How to complete this task:
Look below for the line that contains "dino wars. by louisroskosch on Threadless" and the line that contains "Челлендж коин службы", then restate both of them and every line in between, exactly. No picture goes in the copy.

Source records:
————————

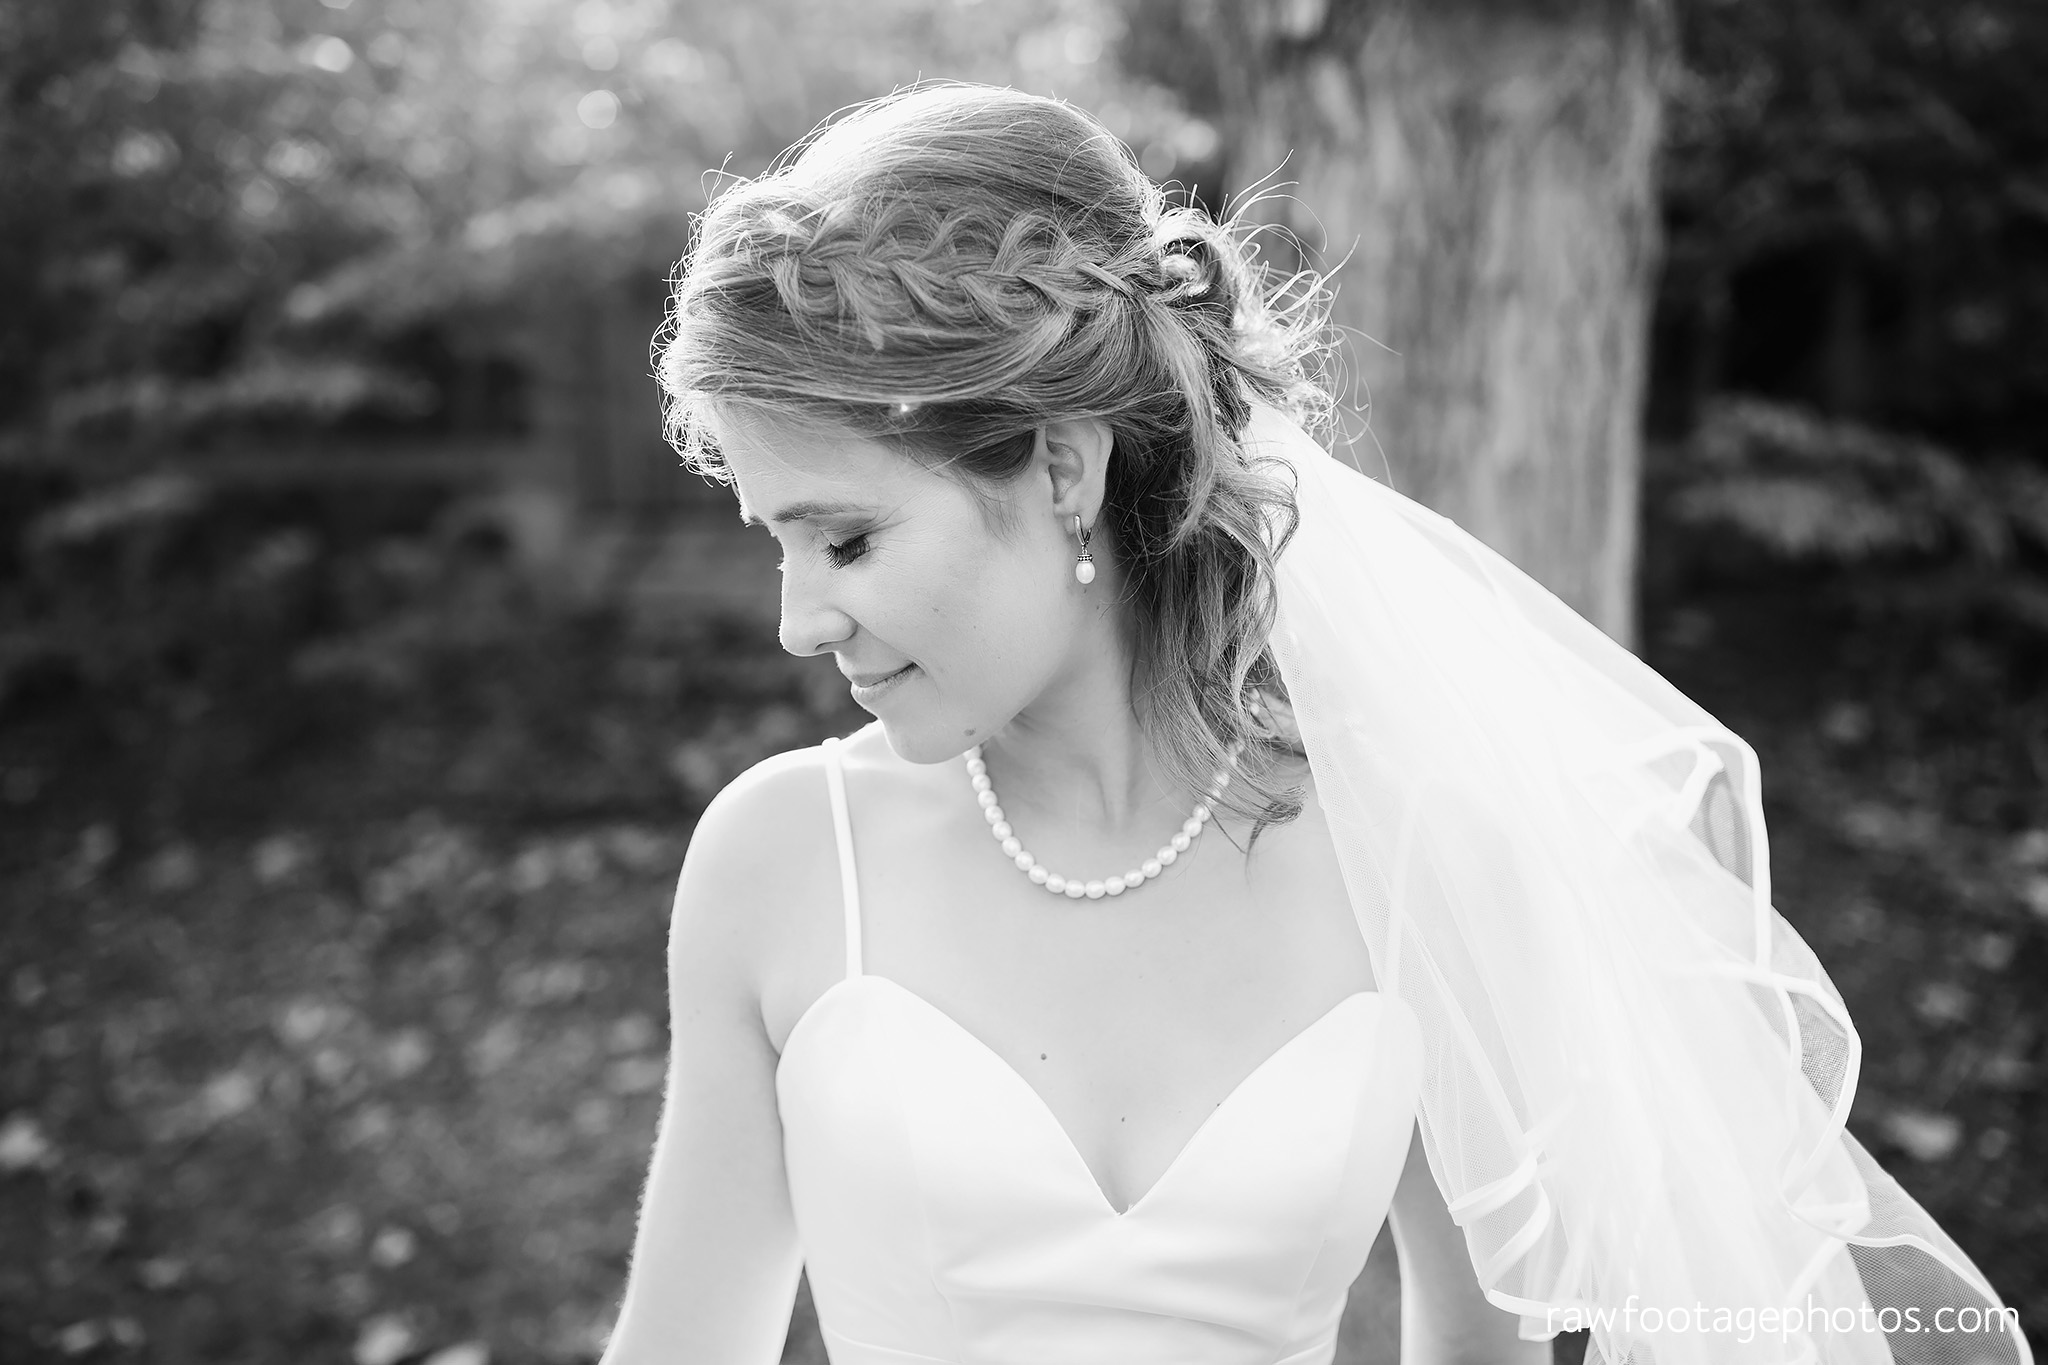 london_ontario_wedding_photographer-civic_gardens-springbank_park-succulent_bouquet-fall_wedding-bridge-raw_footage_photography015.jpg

————————

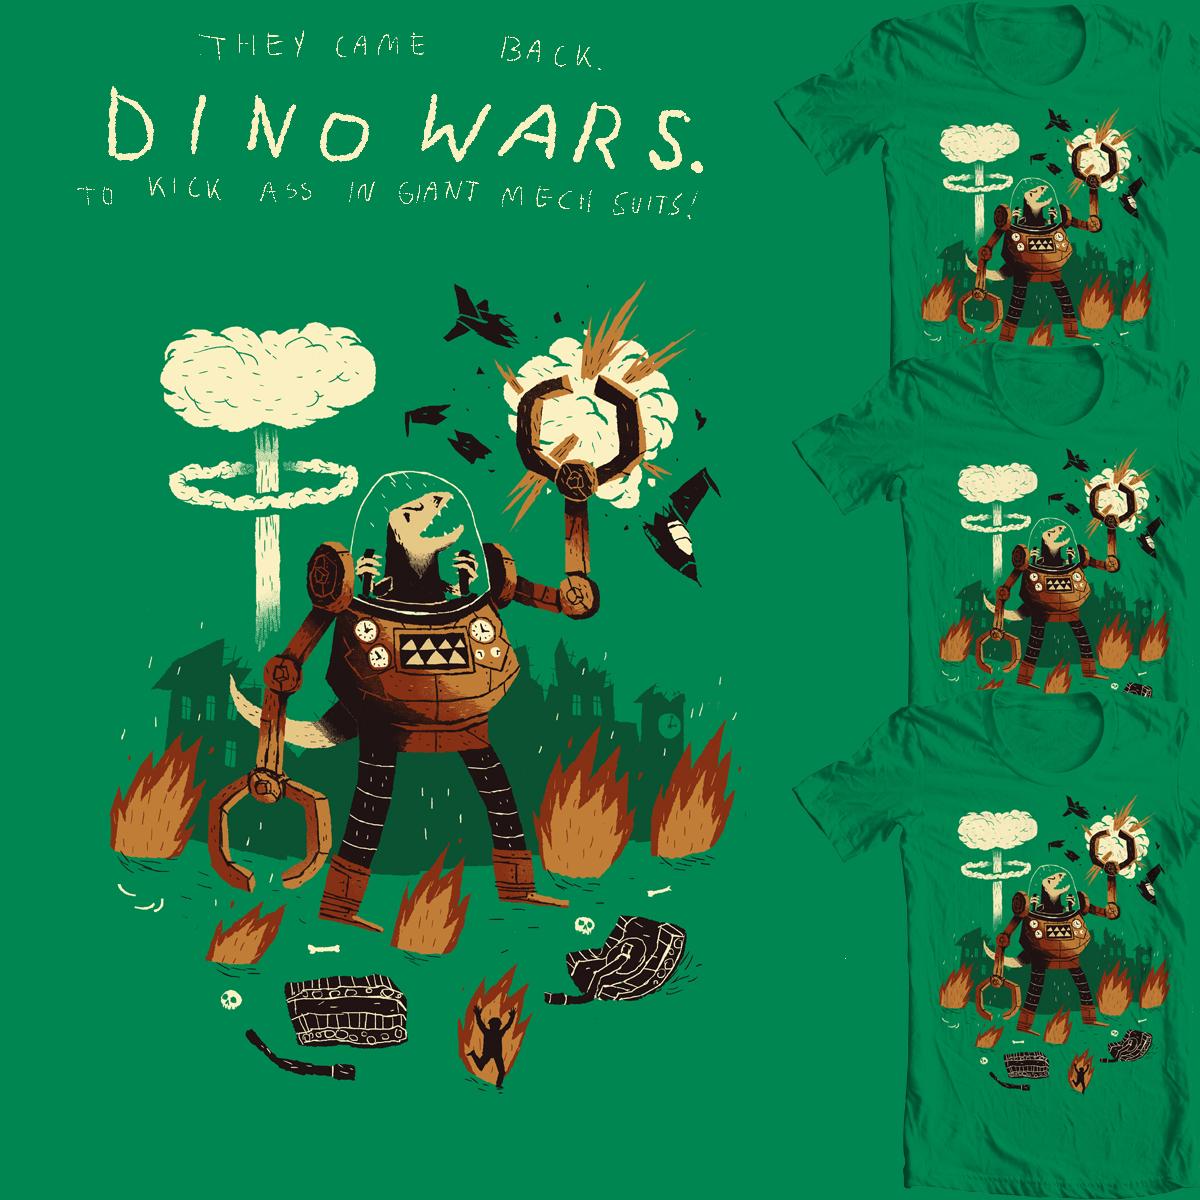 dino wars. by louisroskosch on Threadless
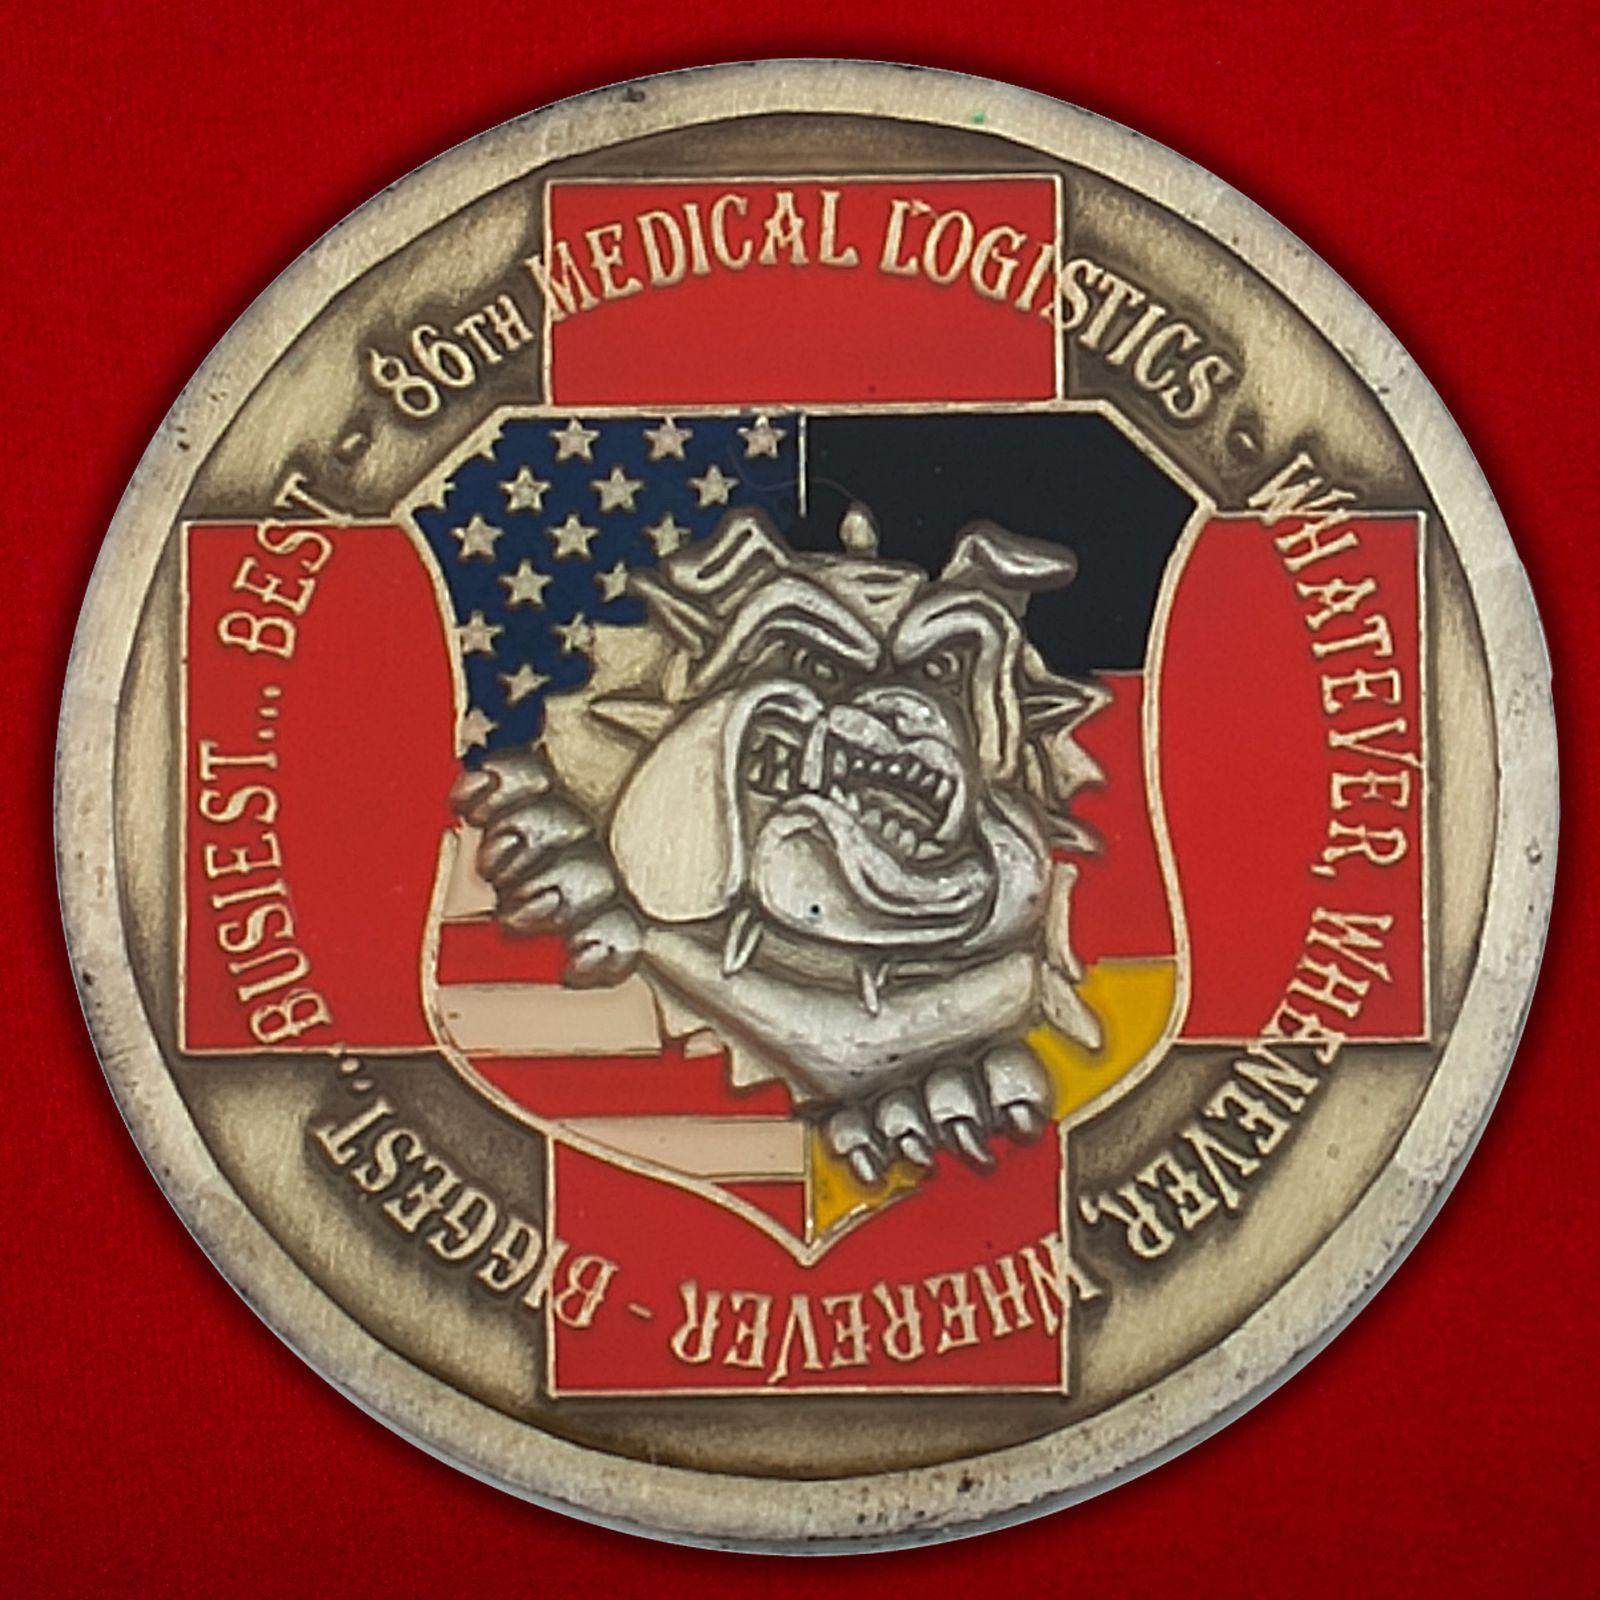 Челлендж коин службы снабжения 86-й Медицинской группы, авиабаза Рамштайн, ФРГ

————————

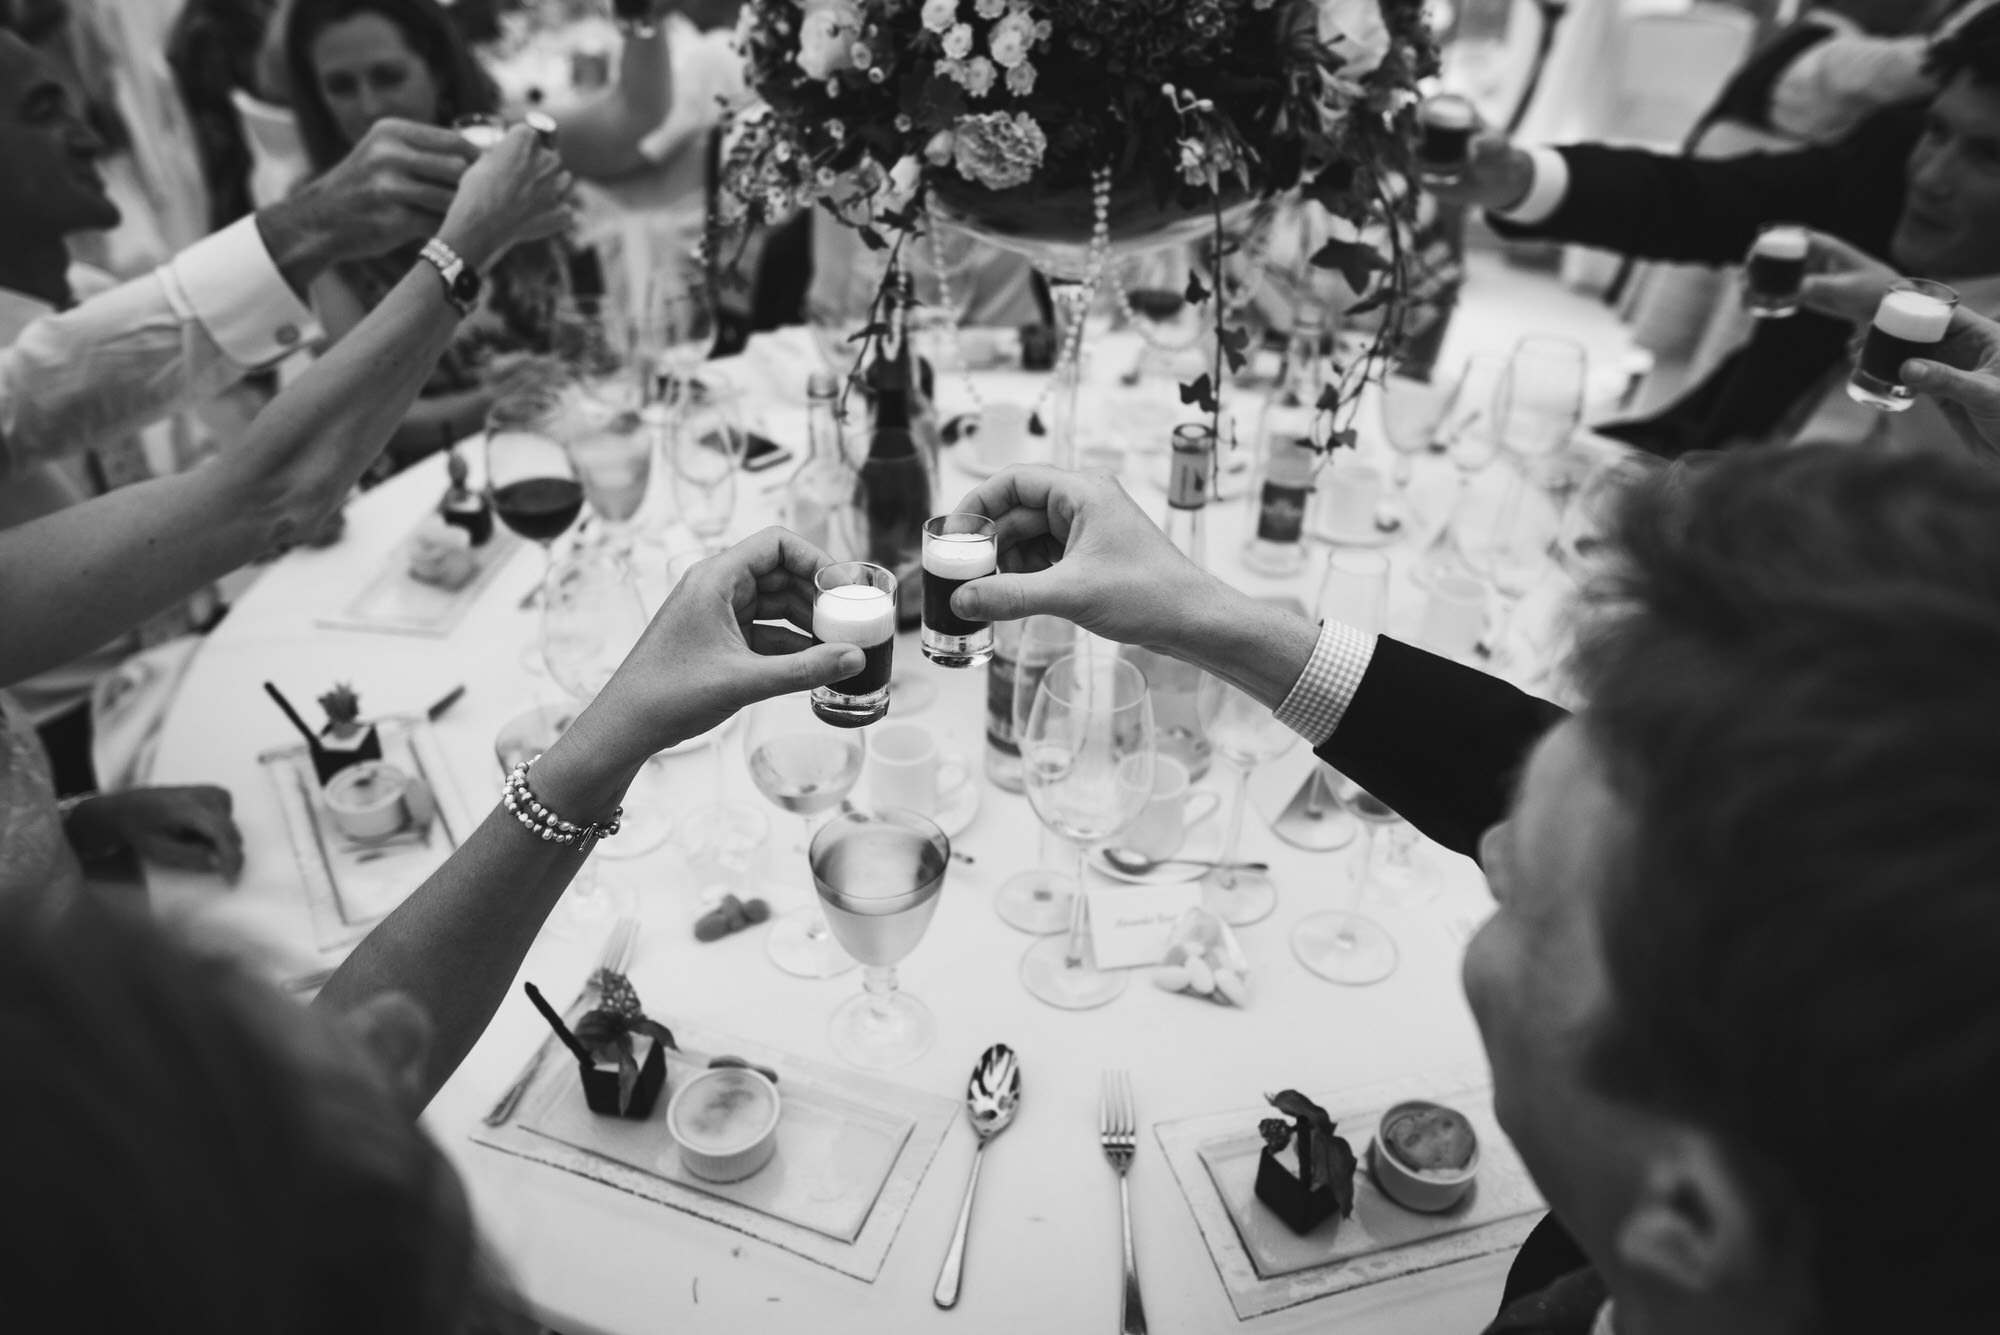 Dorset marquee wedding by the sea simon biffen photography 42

————————

Exercise answer:
 dino wars. by louisroskosch on Threadless
 Челлендж коин службы снабжения 86-й Медицинской группы, авиабаза Рамштайн, ФРГ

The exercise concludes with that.